Ein Carport aus Holz steht und fällt mit der richtigen Materialwahl: KVH für Pfosten und Sparren bis zu mittleren Spannweiten, BSH dort, wo eine große Fläche ohne Mittelstütze überspannt werden soll, und ausreichend dimensionierte Querschnitte, die auf die Schneelast am Standort abgestimmt sind. Wer außerdem auf ein sauberes Fundament ohne Holz-Erdkontakt achtet, baut sich einen Carport, der Jahrzehnte hält – und dabei gut aussieht. Sagen Sie uns Ihre geplante Spannweite und Dachform, und wir schneiden Ihnen das passende Holz direkt aus unserem Sortiment zu.

Häufige Fragen zum Holzcarport

Welche Holzart eignet sich am besten für einen Carport?

Für Pfosten und Sparren hat sich KVH (Konstruktionsvollholz) aus Fichte oder Tanne bewährt – es ist maßhaltig, rissarm und optisch hochwertig. Erst bei großen Spannweiten ohne Mittelstütze kommt das noch tragfähigere BSH zum Einsatz.

Wie dick müssen die Pfosten für einen Carport sein?

Als Richtwert gelten 12×12 cm bis 14×14 cm für die meisten Einzelcarports, ab etwa 5 Metern Spannweite eher 16×16 cm. Die genaue Dimension hängt von Spannweite, Schneelast und Dachform ab und sollte durch eine Statik abgesichert werden.

Brauche ich für einen Carport eine Baugenehmigung?

Das hängt von Grundfläche, Standort und den Regelungen Ihrer Gemeinde ab – in Bayern sind kleinere Carports bis zu einer bestimmten Grundfläche oft verfahrensfrei, größere oder grenznahe Vorhaben nicht. Fragen Sie im Zweifel vorab bei Ihrem zuständigen Bauamt nach.

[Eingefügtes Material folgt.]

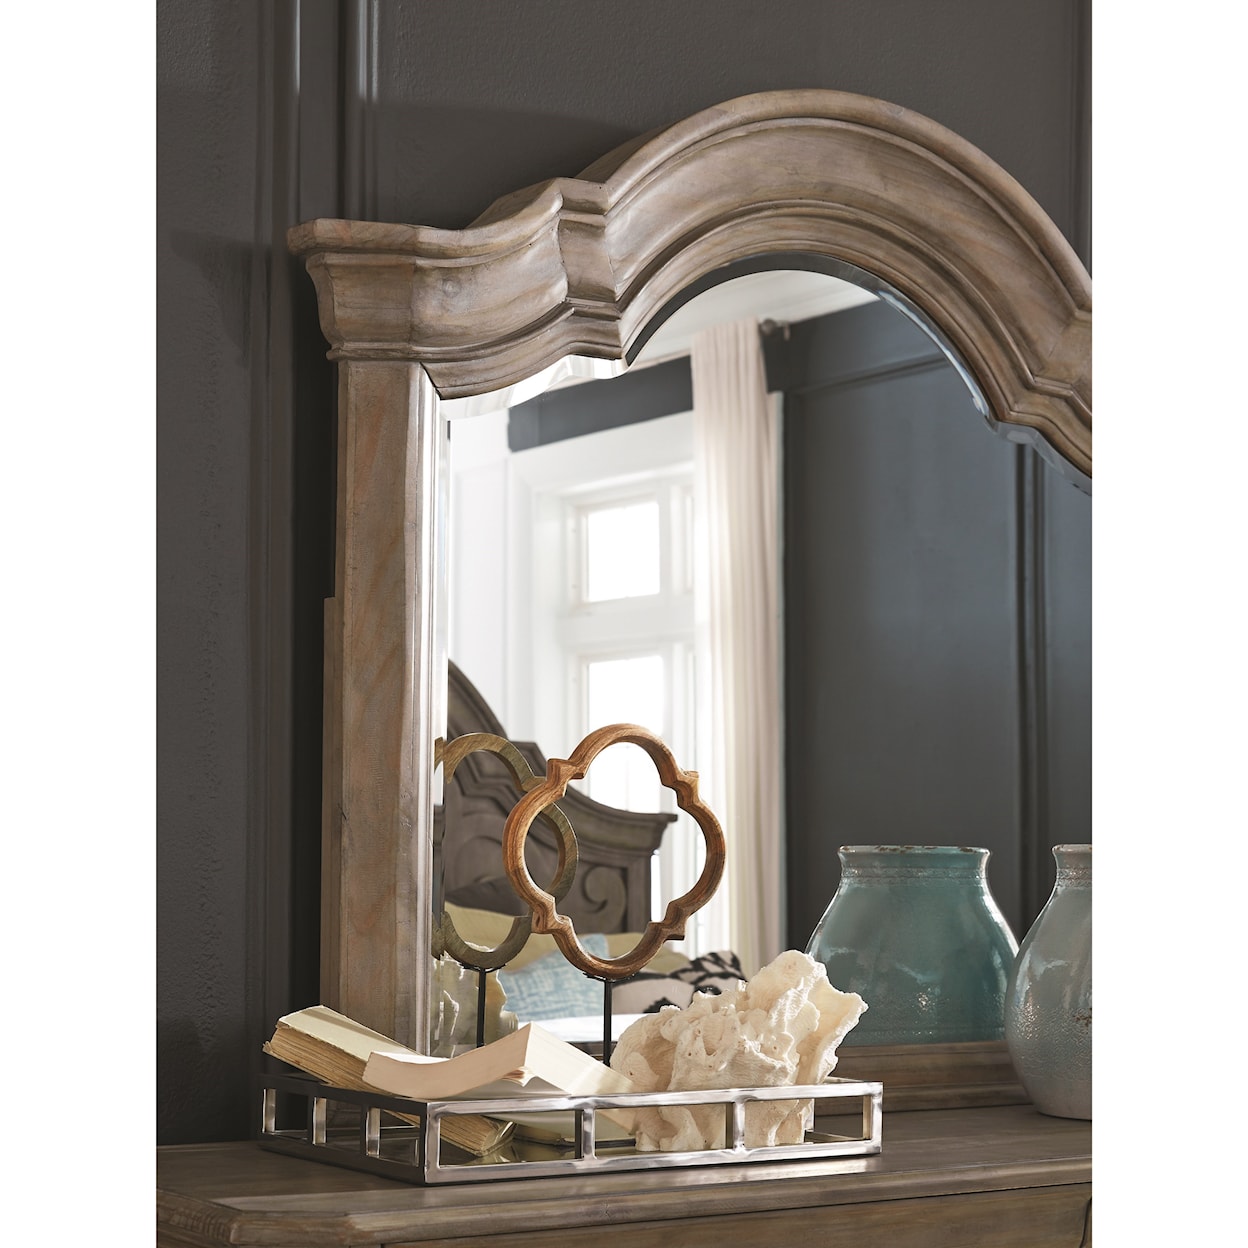 Magnussen Home Tinley Park Bedroom 8-Drawer Dresser & Mirror Set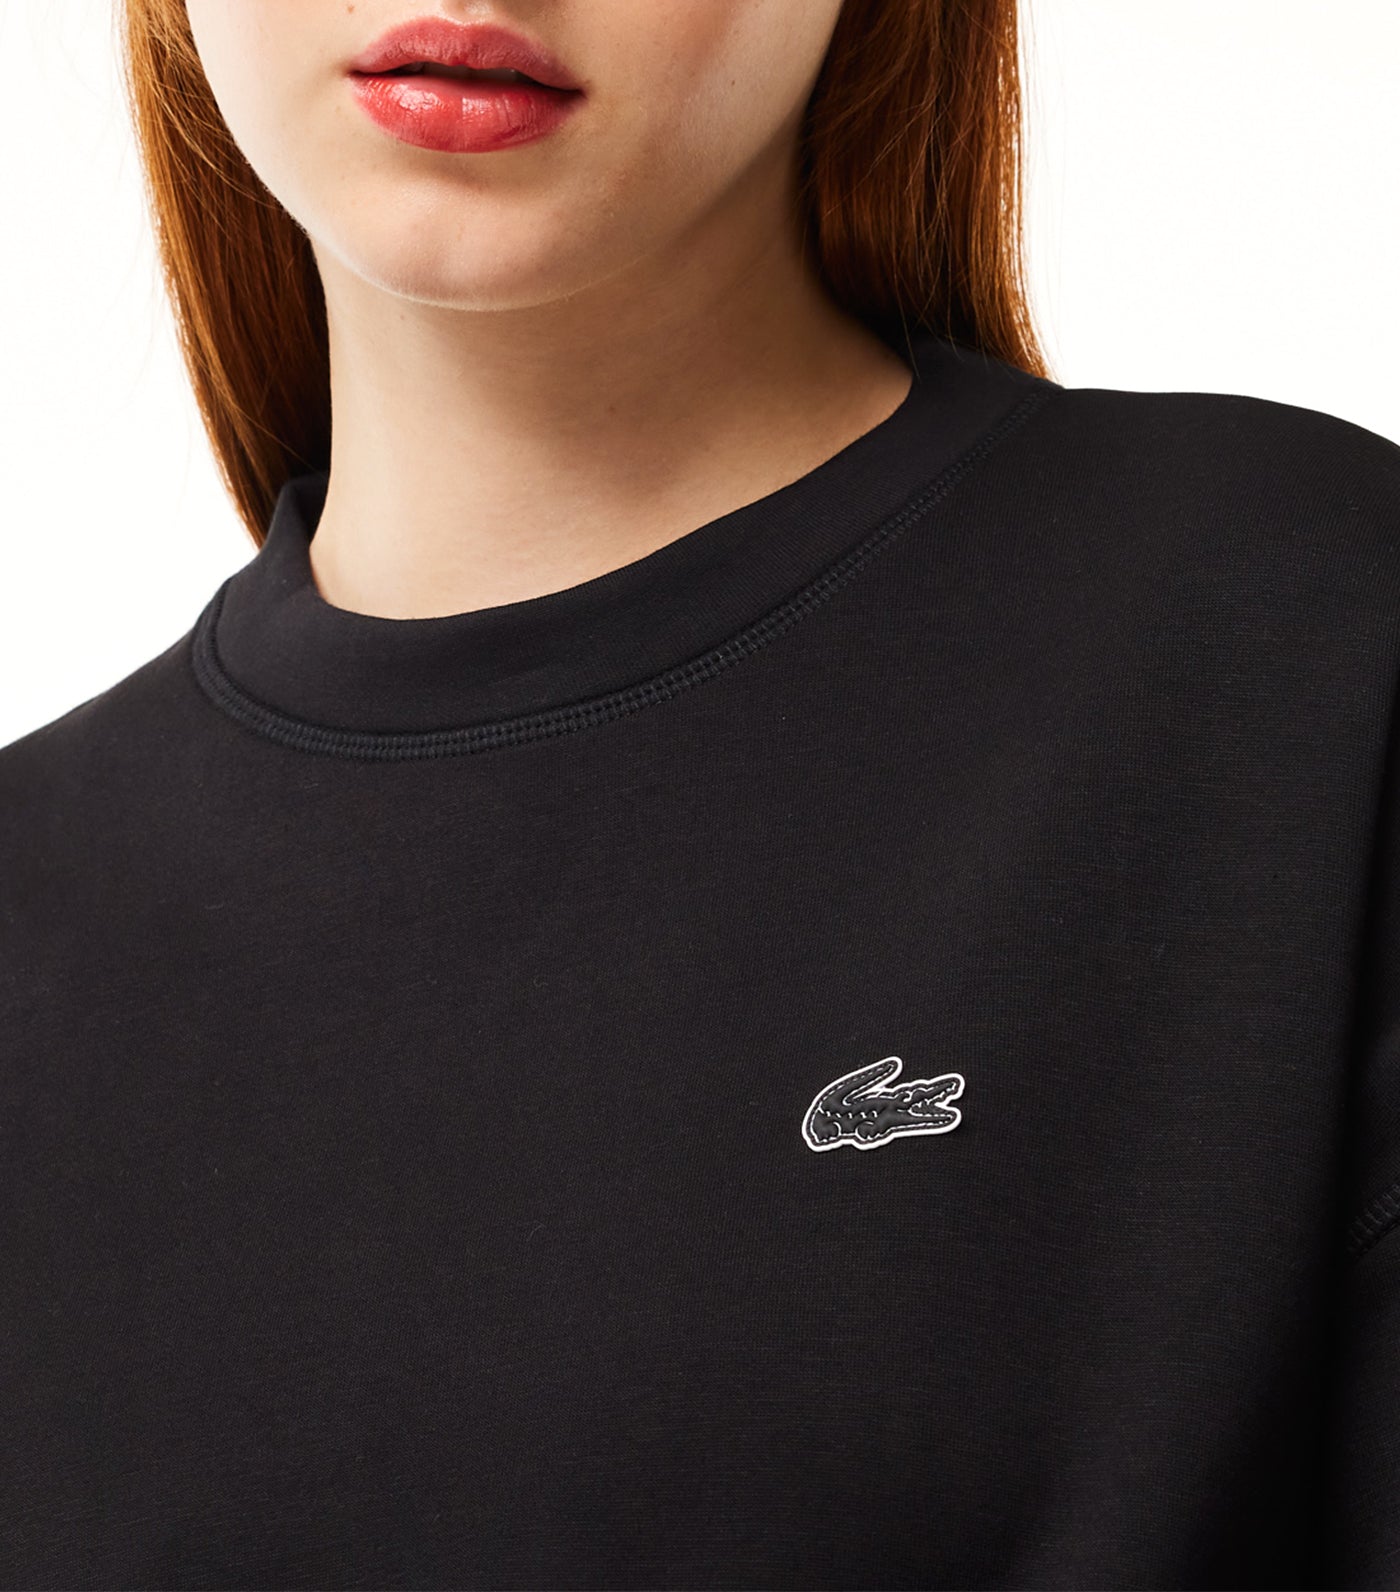 Women’s Lacoste Print Back Sweatshirt Black

KVH oder BSH – was ist für den Carport wirtschaftlicher?

KVH ist günstiger und für die meisten Carports völlig ausreichend. BSH lohnt sich erst dort, wo die Spannweite ein einzelnes KVH-Bauteil an seine Grenzen bringt, etwa bei einem freistehenden Doppelcarport ohne Mittelstütze.

Wie weit dürfen die Sparren beim Carport auseinander liegen?

Üblich sind Sparrenabstände zwischen 62,5 cm und 80 cm, abhängig von Sparrenquerschnitt und Dachlast. Ein größerer Abstand spart Holz, verlangt dafür aber einen stärkeren Sparrenquerschnitt.

Muss ich das Holz für den Carport zusätzlich behandeln?

Technisch getrocknetes KVH ohne Erdkontakt kommt in der Regel ohne chemischen Holzschutz aus. Ein Lasuranstrich schützt zusätzlich vor UV-Vergrauung und ist eine Frage der Optik, nicht der Haltbarkeit.